[Dataset excerpt]
----

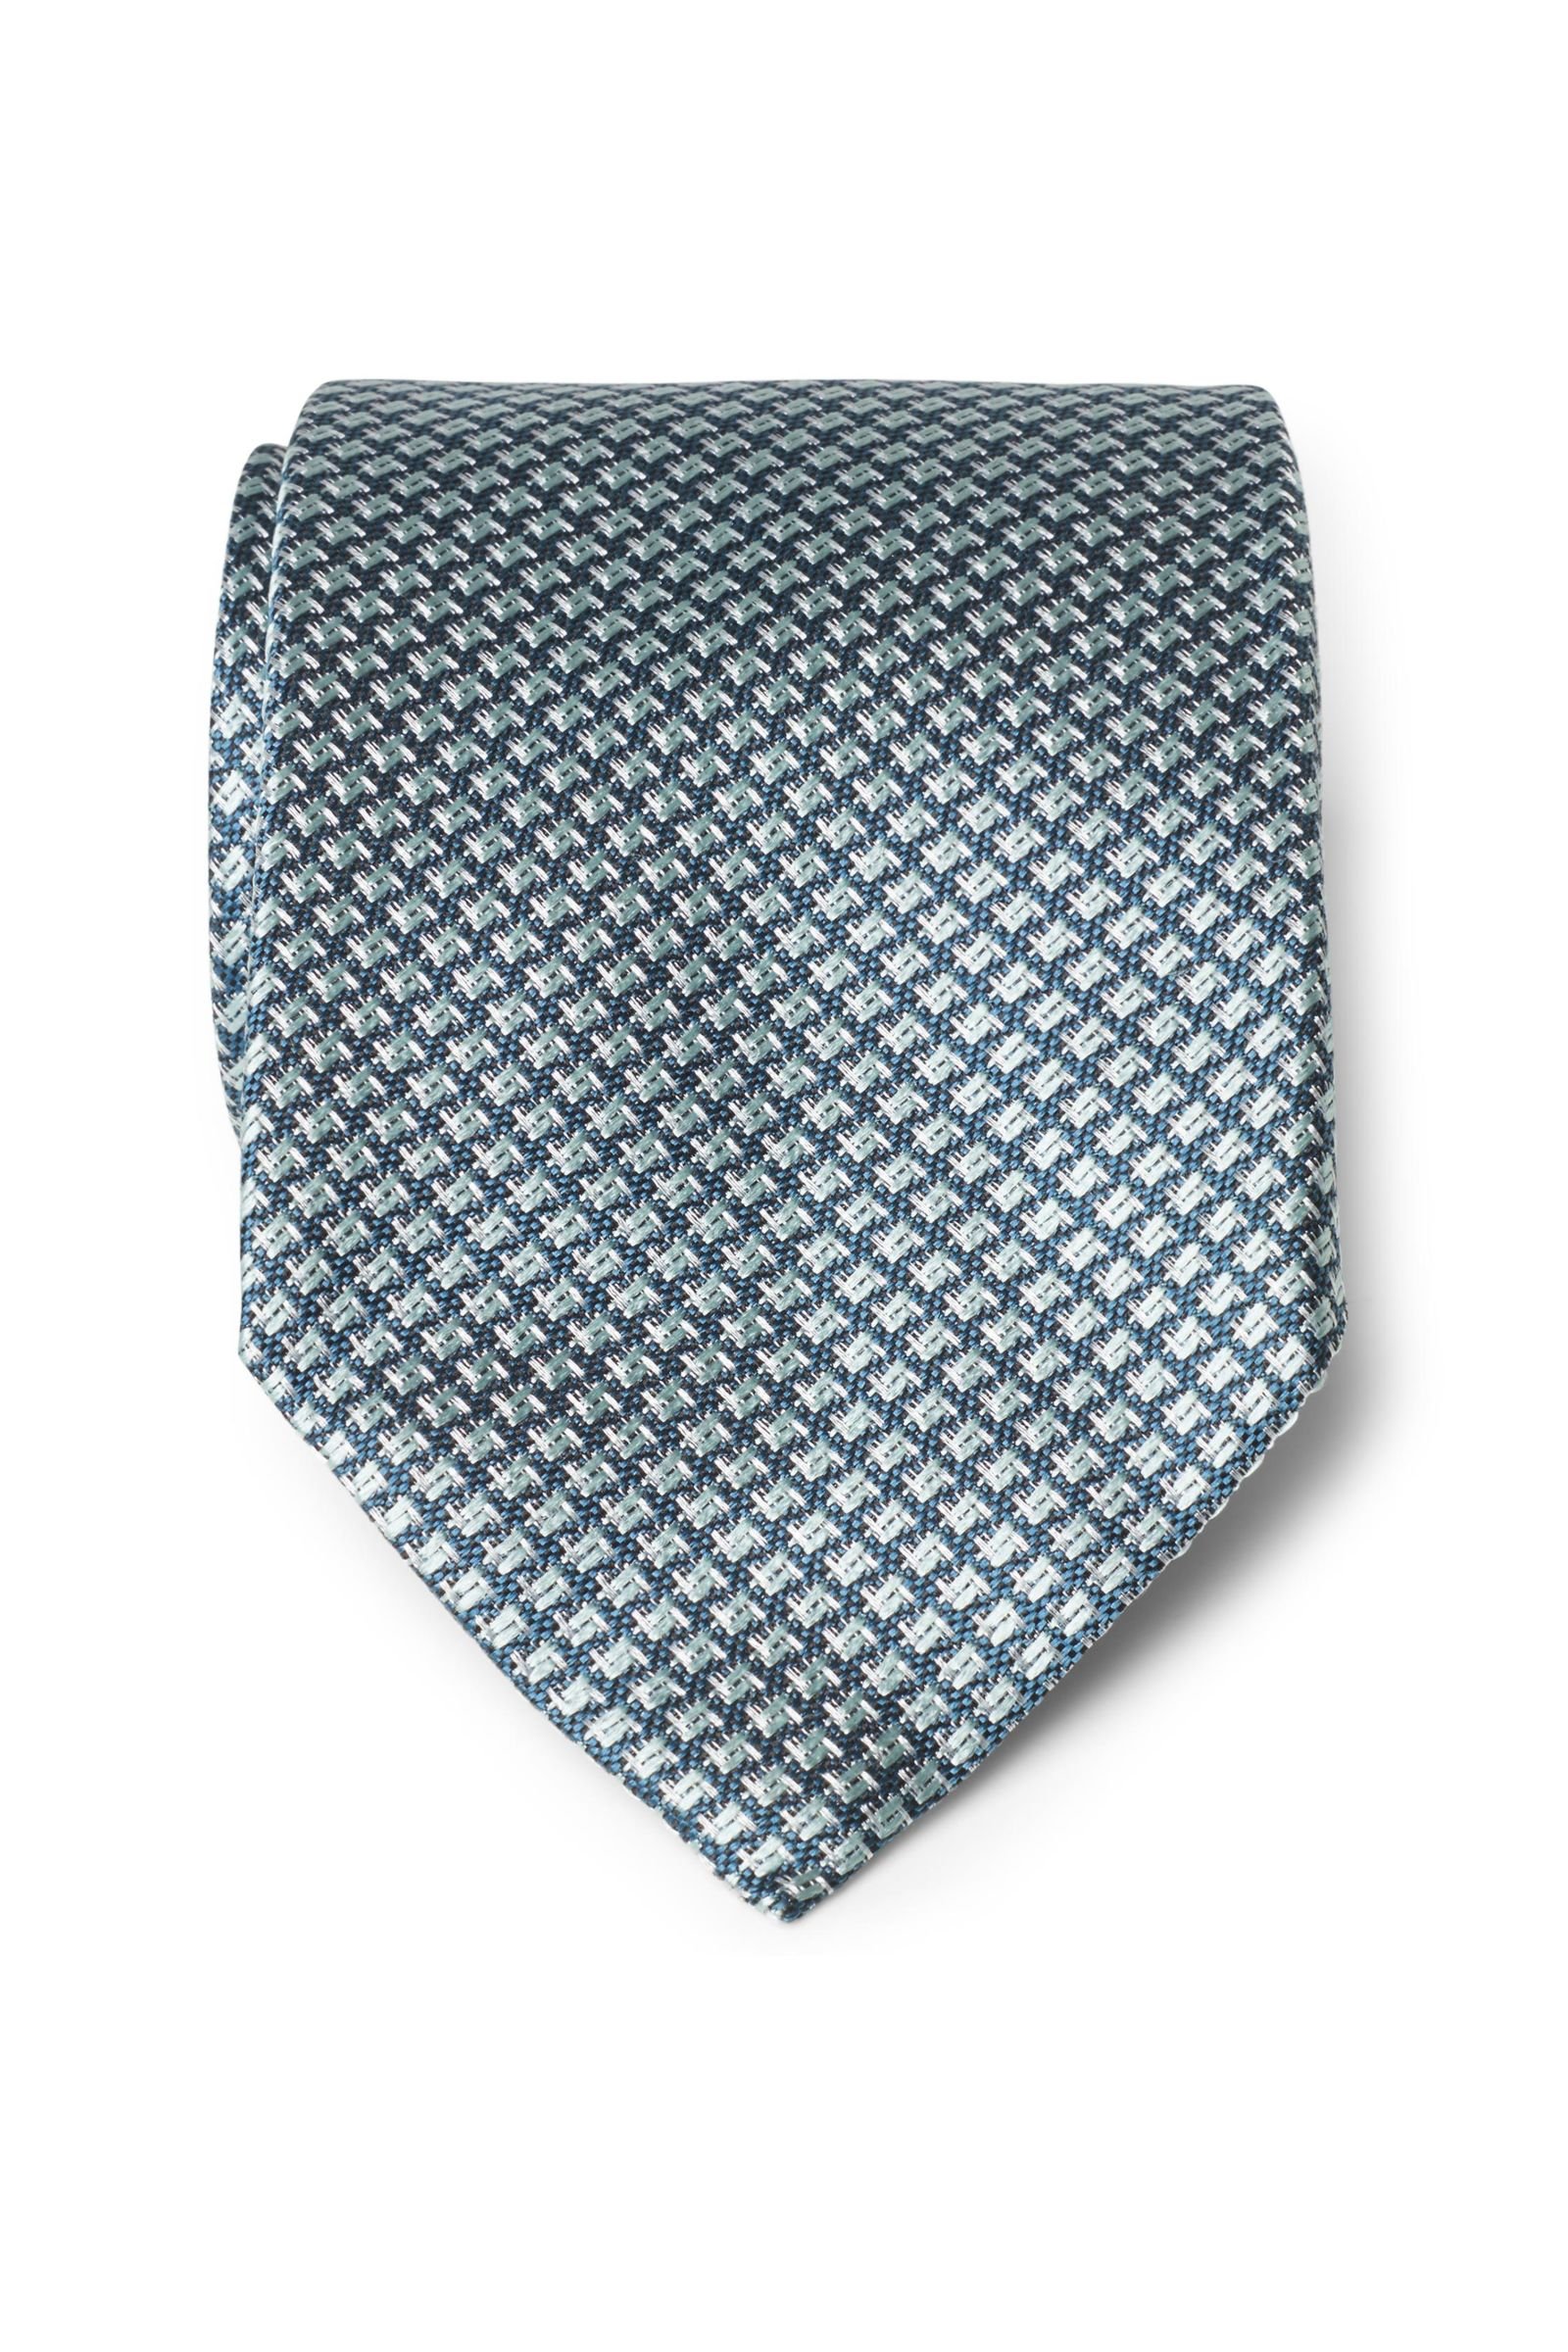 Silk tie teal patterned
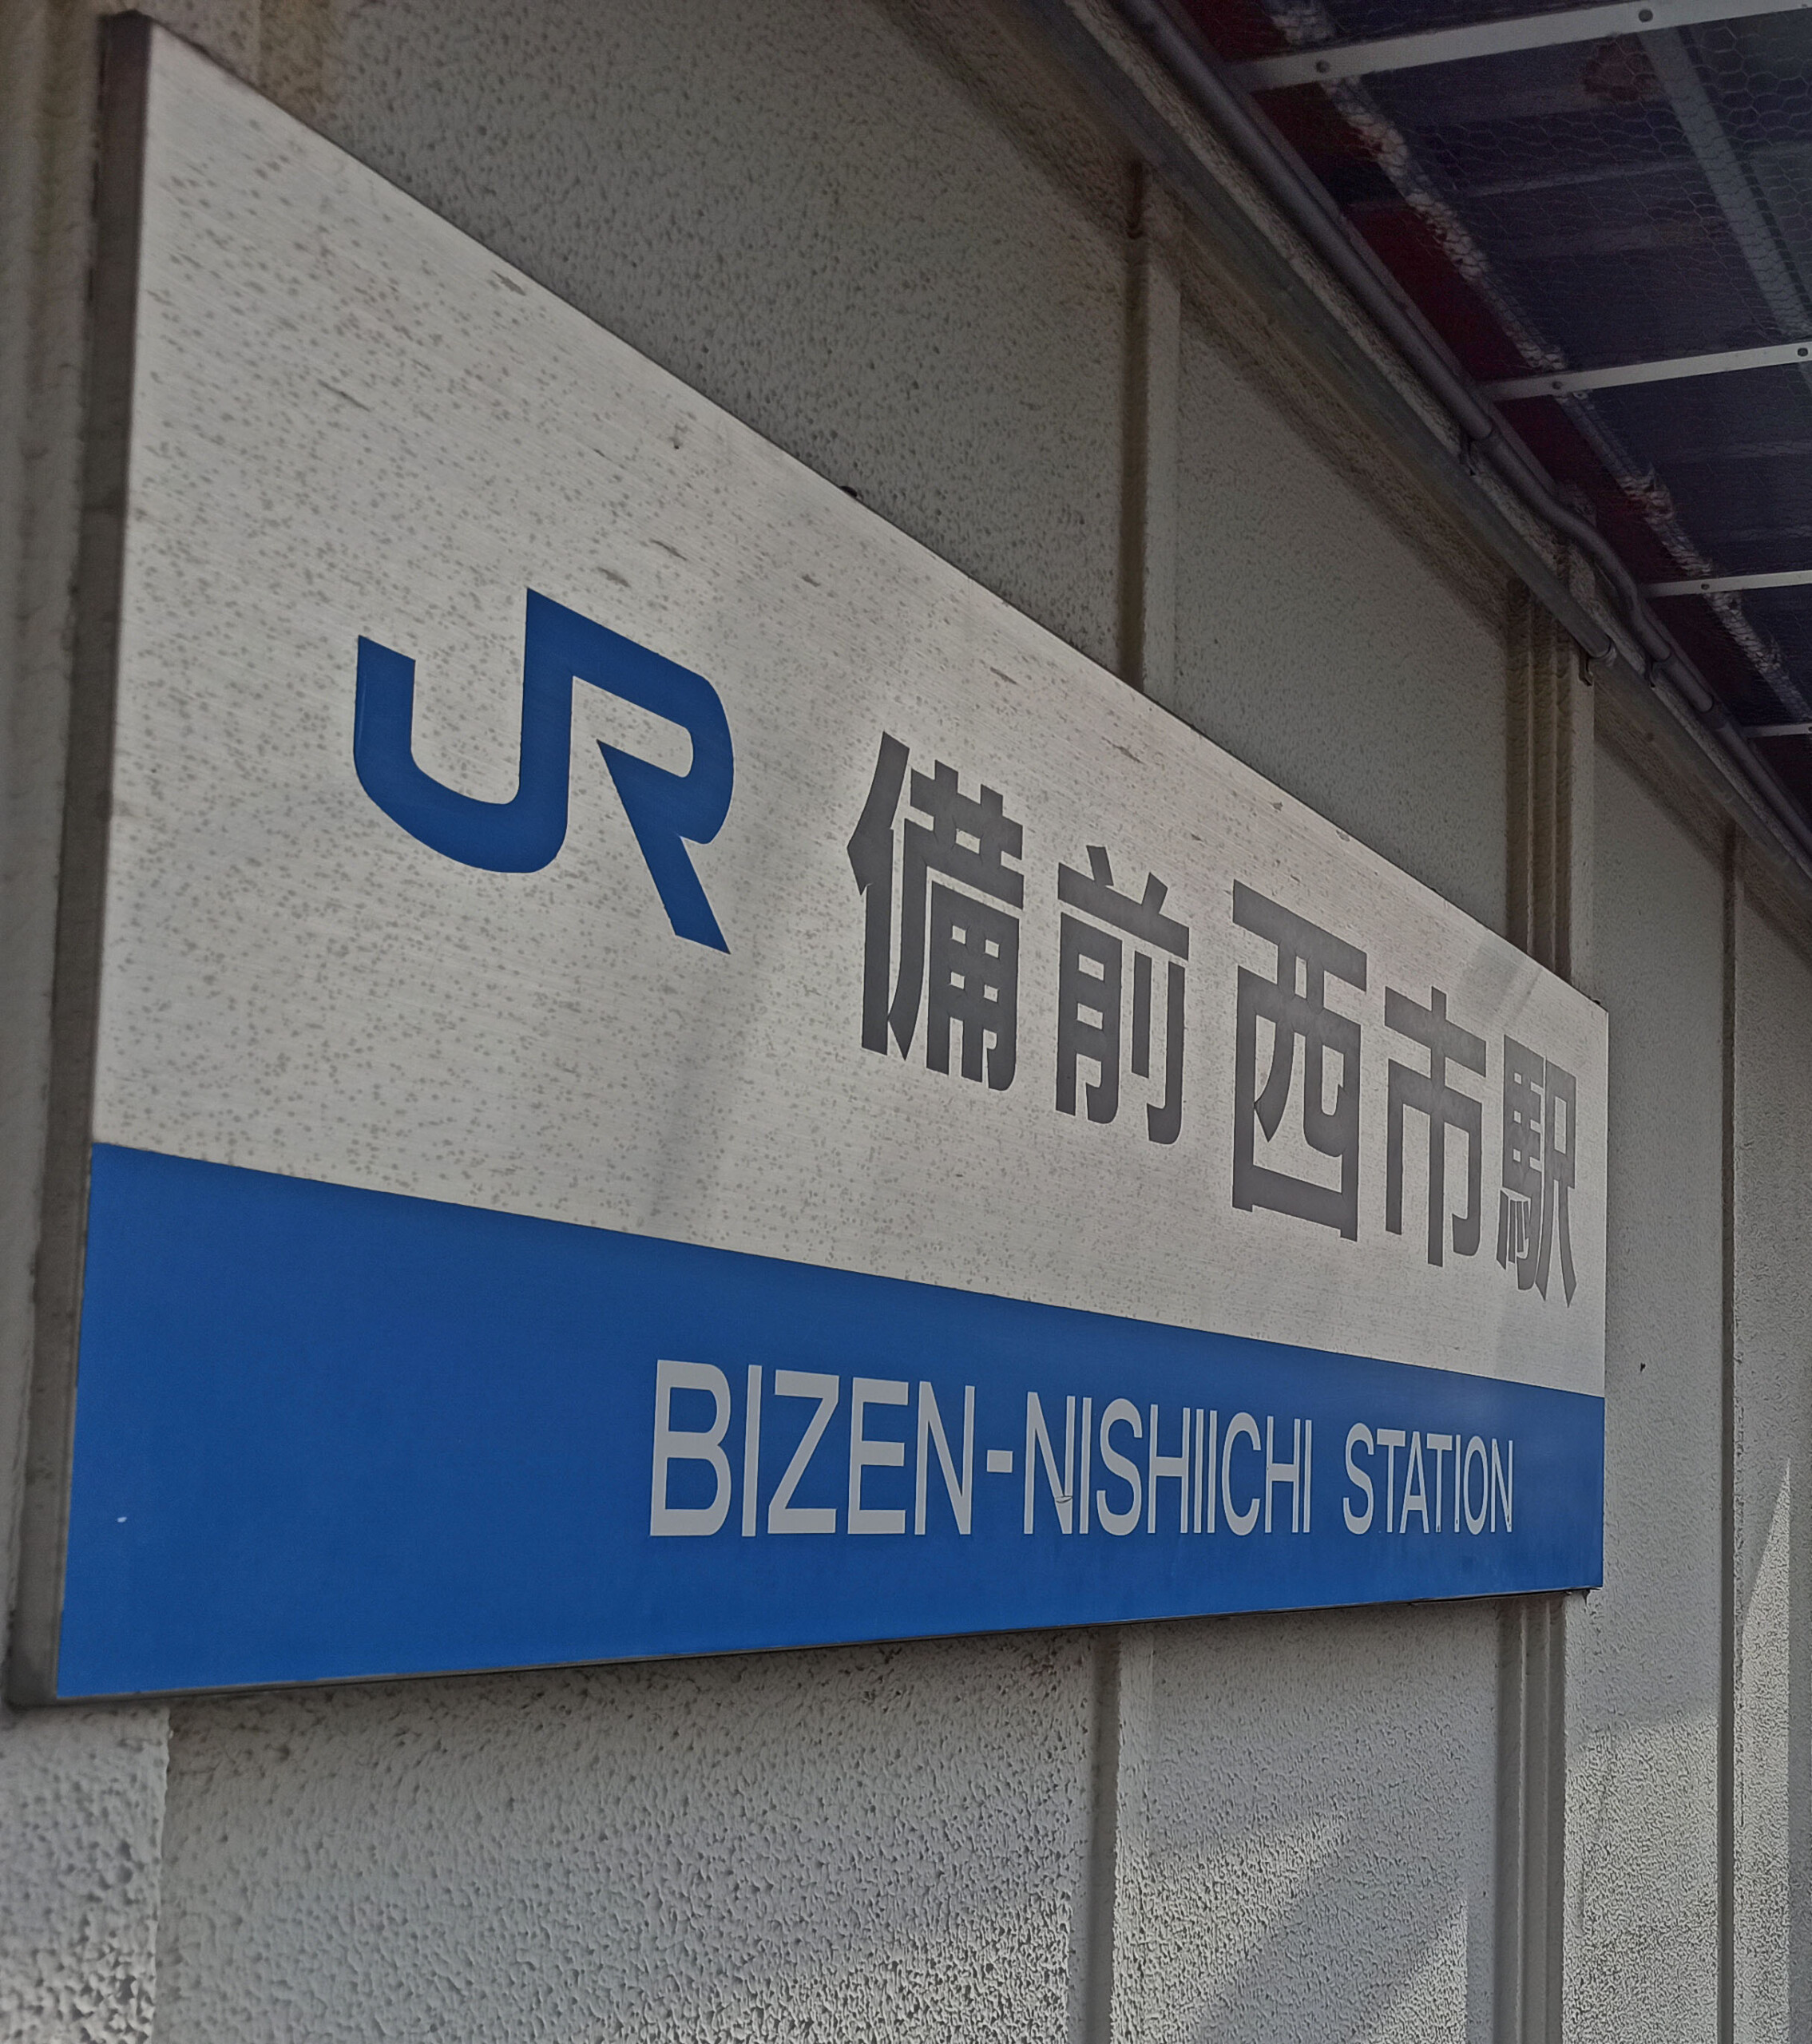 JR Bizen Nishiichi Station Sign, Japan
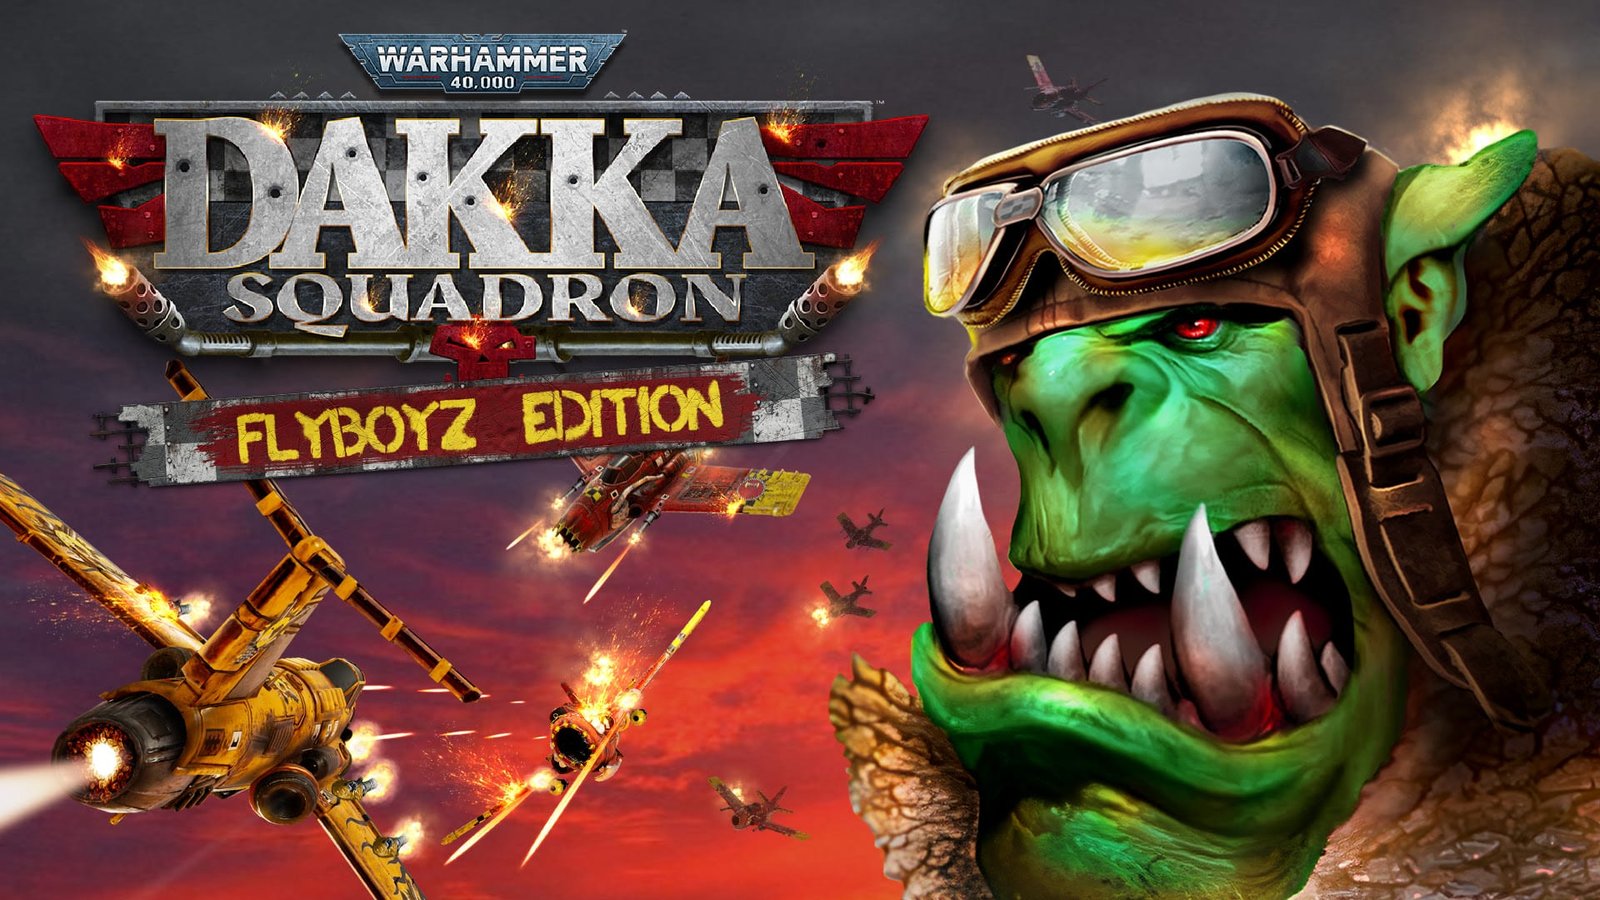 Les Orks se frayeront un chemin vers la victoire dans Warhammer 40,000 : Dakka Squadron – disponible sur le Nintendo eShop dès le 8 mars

----

[What to do]
Write out every line above again exactly, with the pictures left out.

[Task response]
 Silk tie teal patterned
 JR Bizen Nishiichi Station Sign, Japan
 Les Orks se frayeront un chemin vers la victoire dans Warhammer 40,000 : Dakka Squadron – disponible sur le Nintendo eShop dès le 8 mars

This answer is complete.